This is one of a pair of prints, Innocence and Remorse by Gillray illustrating lines from Goldsmith's popular poem The Deserted Village (1770). The prints were published in both black and brown ink versions on May 13th 1783 by Robert Wilkinson with whom Gillray was to collaborate on approximately 30 non-caricature prints from 1779 to 1794. As he often did at the start of his career, Gillray used an alias: in this case simply "Kent fecit.". In other Wilkiinson prints, he would sign "J. Kent fecit."
© Private Collection
Written squarely in the pastoral tradition, The Deserted Village laments the disappearance of the purity and simplicity of rural life as progressive enclosures and growing commercialism were forcing or luring families out of their homes and into the cities.
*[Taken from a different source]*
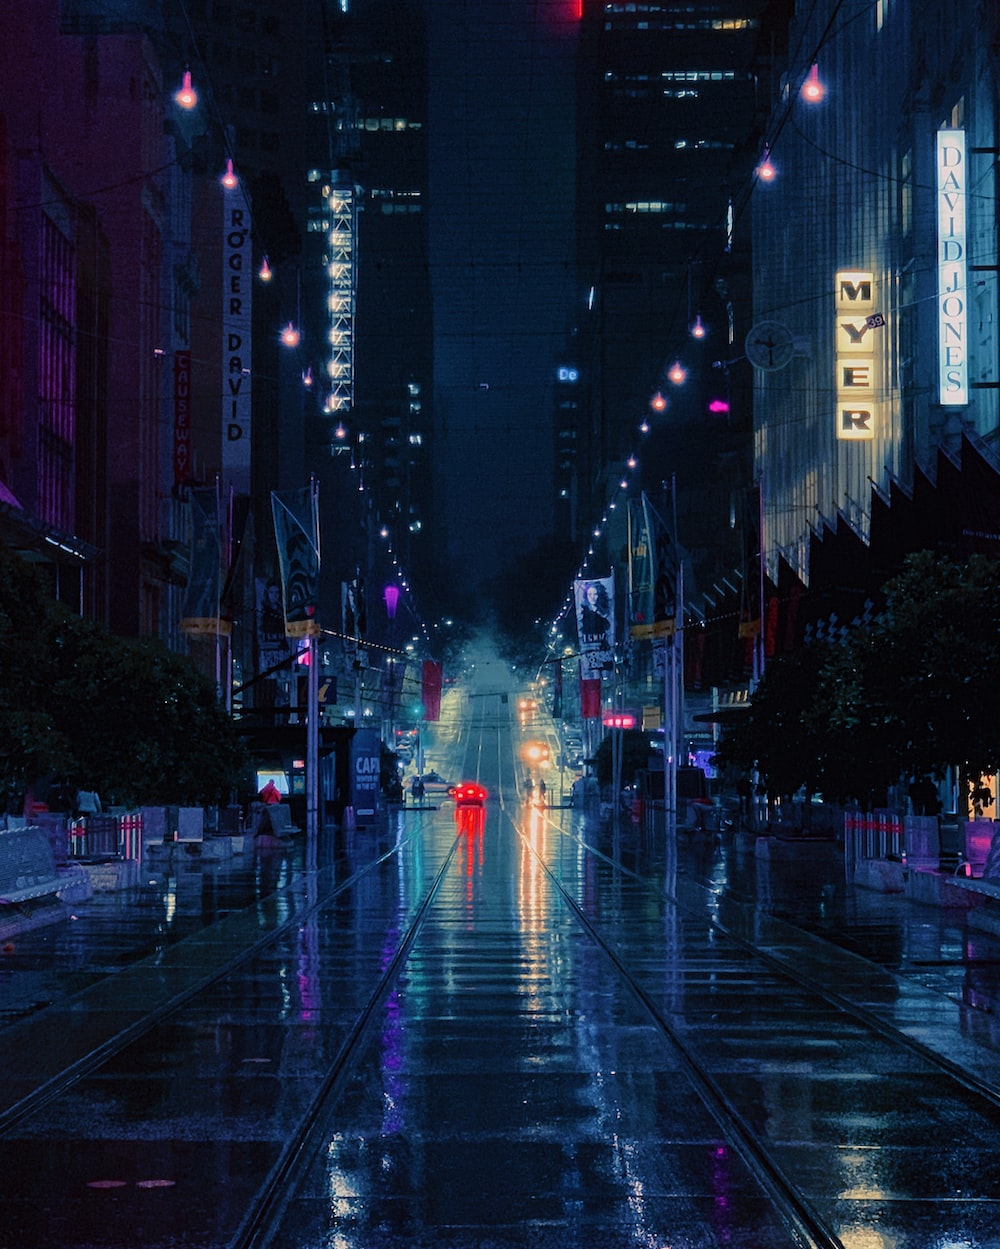 LO FI / Chillhop / Jazzhop / Retrowave Best Free Wallpaper, Cloud, Outdoor And Background Photo

Innnocence illustrates and includes lines 327–330 from the poem where a young country girl, "sweet as a primrose," "once, perhaps, in village plenty bless'd,/ Has wept at tales of innocence distress'd." In Remorse, now "lost to all, her friends, her virtue, fled," she
deplores that luckless hour,
When idly first, ambitious of the town,
She left her wheel, and robes of country brown. (334–336)
Gillray departs from the poem in several significant ways. The girl appears to be reading a letter, not a "tale of innocence distres't." She does not appear to be weeping at the news in the letter. And her dress seems more fashionable than "robes of country brown" mentioned in the poem. In fact, it seems more likely Gillray is foreshadowing her fate, portraying the interest in fashion and seduction that will lead to her downfall. In that case, the spinning wheel may be an allusion to Ariadne, whose tale was popular in both print and painting at the time, who was seduced and then betrayed by Theseus.
The prints were obviously intended to be seen together. The spinning wheel shown in Innocence, for instance, is only mentioned in the lines in Remorse. And like Hogarth's series, A Harlot's Progress, the prints were meant to inculcate a moral. But like the furniture prints of Bartolozzi and Cipriani, they are part of a much more sentimental tradition than Hogarth. Gillray successfully mimicks the stipple engraving style of Bartolozzi from whom he may in fact have received instruction at the Royal Academy Schools.